Two recent reports have attacked tables which give “raw” scores. The National Audit Office (NAO) suggested that differences in standards between secondaries reduced sharply once social background was taken into account and the Institute for Public Policy Research, the Government’s favourite think-tank, called the tables “poisonous” and demanded an end to the publication of raw scores.

But are value-added tables much better? Even government statisticians have their doubts. A revealing health warning on the primary tables says that “the smaller the number of pupils the less confidence can be placed on the value-added measurement”. And most schools perform pretty much as you would expect, given the children they have.

Value-added tables may be a bit fairer than the raw variety but the government method of calculating progress is just one among many - if you think abortion is controversial, try value-added. Specialist schools have their own version and are sniffy about the Government’s, the NAO devised yet another and some academics are dubious about them all.

Ministers offer two justifications for performance tables. The first is that they raise standards. If this were ever true, it has ceased to be so.

Tables persist and expand but in primary schools test results have stopped rising. In secondaries, the improvements in exam results at 16 continue much as they did before tables were invented. Schools in Wales and Northern Ireland match and even surpass exam results in England.

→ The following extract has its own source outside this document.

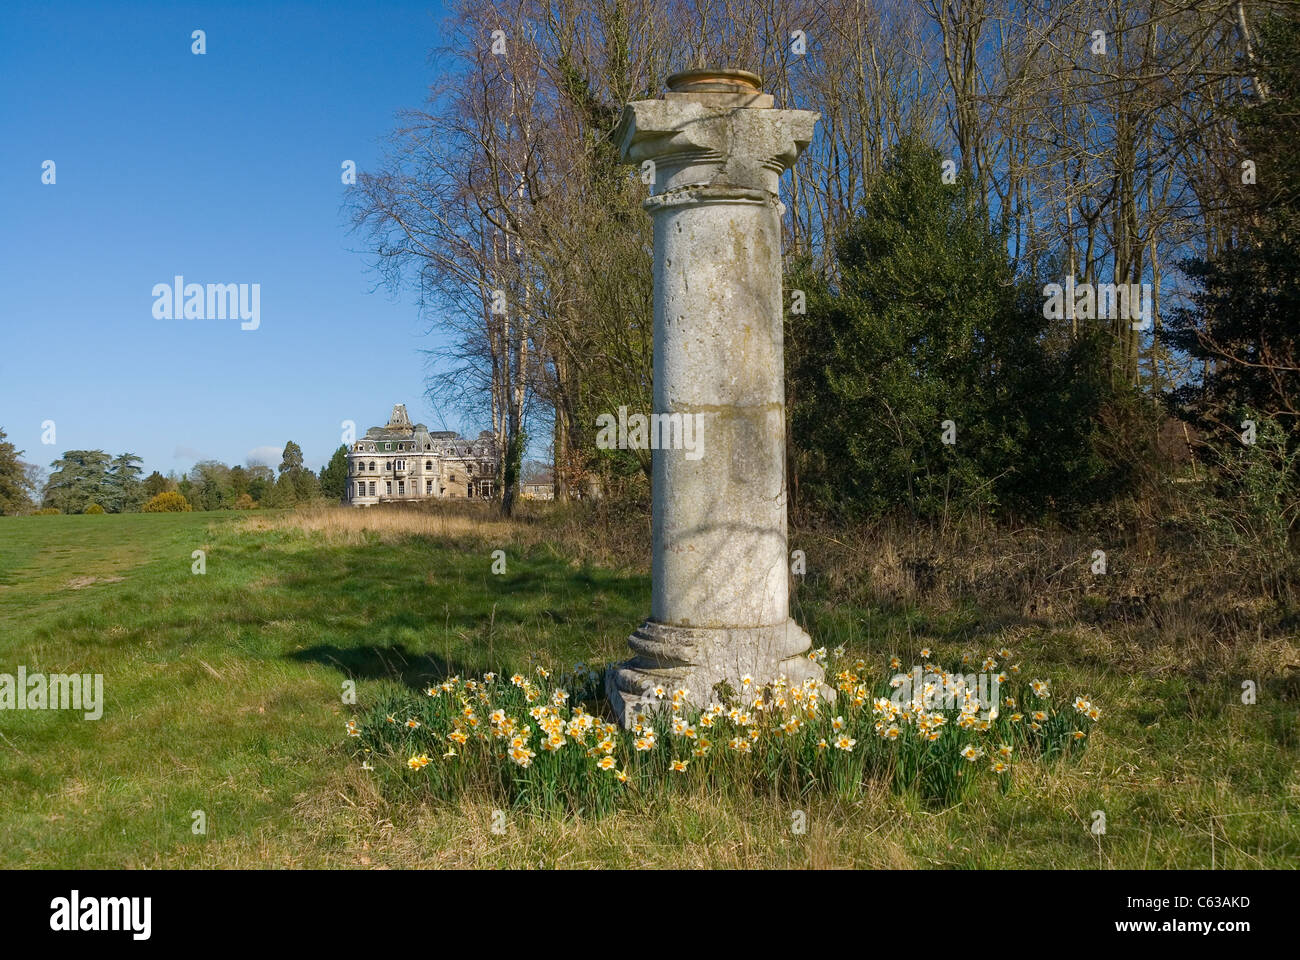 Small monument with daffodils at old renaissance period house in berkshire, england near Henley-on-Thames Stock Photo

The second justification is accountability. Parents and taxpayers have the right to know how schools are doing. Only the most Neanderthal creature would deny this. We cannot go back to the days when parents had to ring newspapers and appeal for help in finding out the exam results of their local school.

But they don’t have to find out through the annual ritual of performance tables. Instead, each education authority should compile a list of schools to be circulated to parents choosing primary or secondary schools. The list, to be completed in consultation with headteachers, would include the same sort of details as those on the Scottish executive website: exam results, a brief account of inspection reports, the proportion of pupils with free school meals, absence statistics and links to school websites.

These would be provided in the autumn term when parents are choosing schools. At present, a government which argues that the tables are about providing information for parents, publishes them too late to help anyone choose a school.

Newspapers might still try to compile league tables, though the latest figures show that only four out of 10 parents consult them. But a decision not to publish exam results nationally would be symbolic. It would show that ministers understand that measuring school achievement is a complicated business and remind everyone that there’s more to education than A grades.